February 2015 playlists
Gramophone
Sunday, February 1, 2015
We all love sharing our musical enthusiasms with friends. Here, three music lovers allow you to glimpse some of their favourite music. Gramophone’s Reviews Editor Andrew Mellor has selected 10 recordings which illustrate the range and richness of polyphonic music from 16th-century Spain and Portugal. Reviewer Pwyll ap Siôn explores the music of a group of American composers who refused to join the mainstream and remained steadfastly ‘maverick’. And the harpsichordist and conductor Christophe Rousset reveals some of the musicians who have inspired him with their music-making and whose artistry is there for all to enjoy thanks to their recordings.
Iberian polyphony
Andrew Mellor chooses 10 pieces which celebrate the rich outpouring of choral music in 16th-century Spain and Portugal
It might be so that the wealth of sacred polyphony to emerge from Spain and Portugal in the 16th century represents slightly more ‘easy listening’ than its varying counterparts in the Low Countries and Italy. But the beauty of Iberian polyphony is not only in its directness – so often built of short musical paragraphs of cumulative intensity, each draped with long, arching phrases and rounded off with a pronounced cadence – but also in its sense of heat and sweat: words more clearly and straightforwardly set (hence the ‘polyphony lite’ reputation) and a listening experience that’s never short on scent and poetry as a result.
Victoria stands heads and shoulders above the top of the heap in terms of reputation and recording activity, even if his music fits the above description least when he’s placed against some of his most interesting contemporaries. The long breath of Victoria’s Masses can seem a long way from the immediacy of Tenebrae settings by Morales, Lobo and Cardoso – an immediacy that sometimes borders on the secular. Either way, both styles delivered music as ravishing as it is nourishing.
And speaking of easy listening, polyphony like this is particularly adept at cutting consistently through the whir of plane, train and automobile engines – while also providing food for thought on how specific styles emerged in specific territories, and then travelled.
American Mavericks
Pwyll ap Siôn on a handful of US composers who went their own way
The idea of the American maverick composer is by now so deeply engrained that it has almost become part of tradition. Therein lies the paradox. By definition, the maverick is a fearless innovator and iconoclast, a figure who – to paraphrase conductor Michael Tilson Thomas – composes ‘outside the lines’. Yet, despite flaunting its beliefs and values, the maverick still has to engage with tradition in order to be understood, hence perhaps the surprising amount of orchestral music contained on this playlist.
Charles Ives is in many ways the most obvious starting point (although some may choose to look further back), and his ‘Fourth of July’ movement from the Holidays Symphony builds up to an exciting climax with its unpredictable collage of quotations.
A sense of place can sometimes shape the outlook of a maverick, as found in the music of Conlon Nancarrow and John Luther Adams, both of whom spent significant parts of their creative lives working in relative isolation.
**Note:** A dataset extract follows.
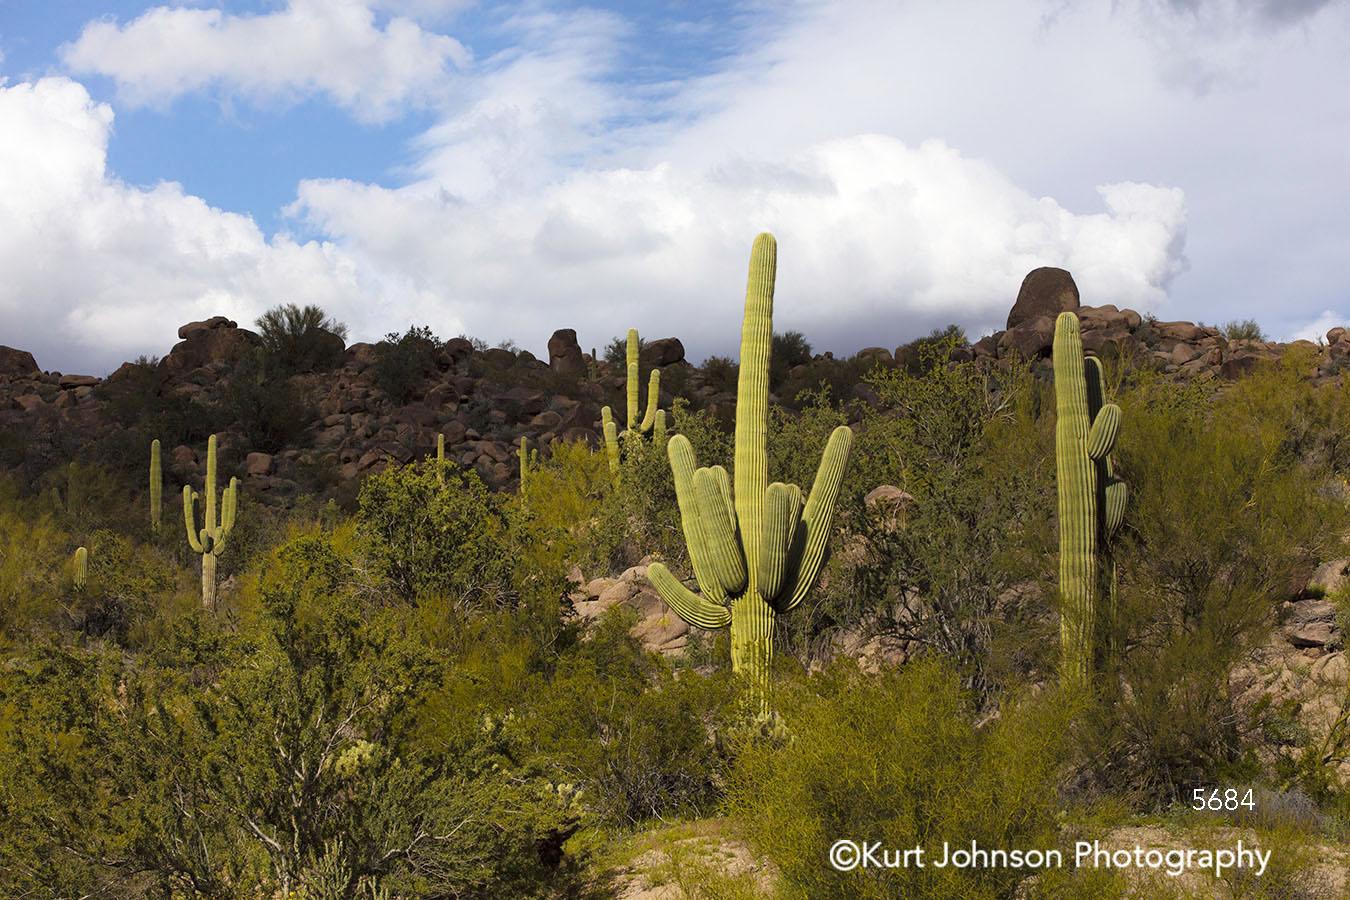 arizona southwest desert landscape cacti cactus green field blue sky clouds indigenous

Others have remained for many years right at the centre, such as Moondog and La Monte Young, yet have lost none of their non-conformist attitude.
The maverick is still a very male/macho construction but there have been a number of highly influential women too, among them Pauline Oliveros and Meredith Monk, and more recently Julia Wolfe. Not every maverick is loud and confrontational, although Glenn Branca’s symphonic electric guitar music almost inevitably is.
A completely different take is to be found in Harold Budd’s benign, placid but equally revolutionary Madrigals of the Rose Angel. And, of course, any playlist would not be complete without the arch-maverick himself, John Cage.
Influential musicians
Christophe Rousset on the musicians whose recordings have most inspired him and broadened his horizons
Some recordings have been very important in my musical life; some for just a few inspired moments while others have been played thousands of times for the fascinating colour of a voice or for the dancing rhythm of a piece of music. Now everything is so accessible on the internet, I hardly know in what direction I should look to find the artist, the repertoire, the beauty I am seeking. It’s the same feeling I had 10 years ago when record shops still existed, but now with even more choice: impossible then to trust any instinct or desire for the ‘right’ choice of the day.
Unless a music-lover follows a particular artist, it is quite difficult for them to be adventurous in their choices. Often I’ve bought recordings of a performer instead of just the repertoire. I discovered the violinist Sergey Khachatryan at the Festival of Menton in 2013: his very sober and highly sensible interpretation of the Beethoven Violin Concerto moved me to tears. Isabelle Faust often plays in the same venues I perform in: that’s how I came to love her solo Bach. Going to opera houses from a young age helped me discover the greatest singers, but only a few touched my heart: Edita Gruberová in The Magic Flute, Natalie Dessay in Lakmé or Hamlet, Christian Gerhaher in Bach’s St John’s Passion. These are artists I have to follow on recordings, as I don’t often have the time these days to go to concerts as a member of the audience!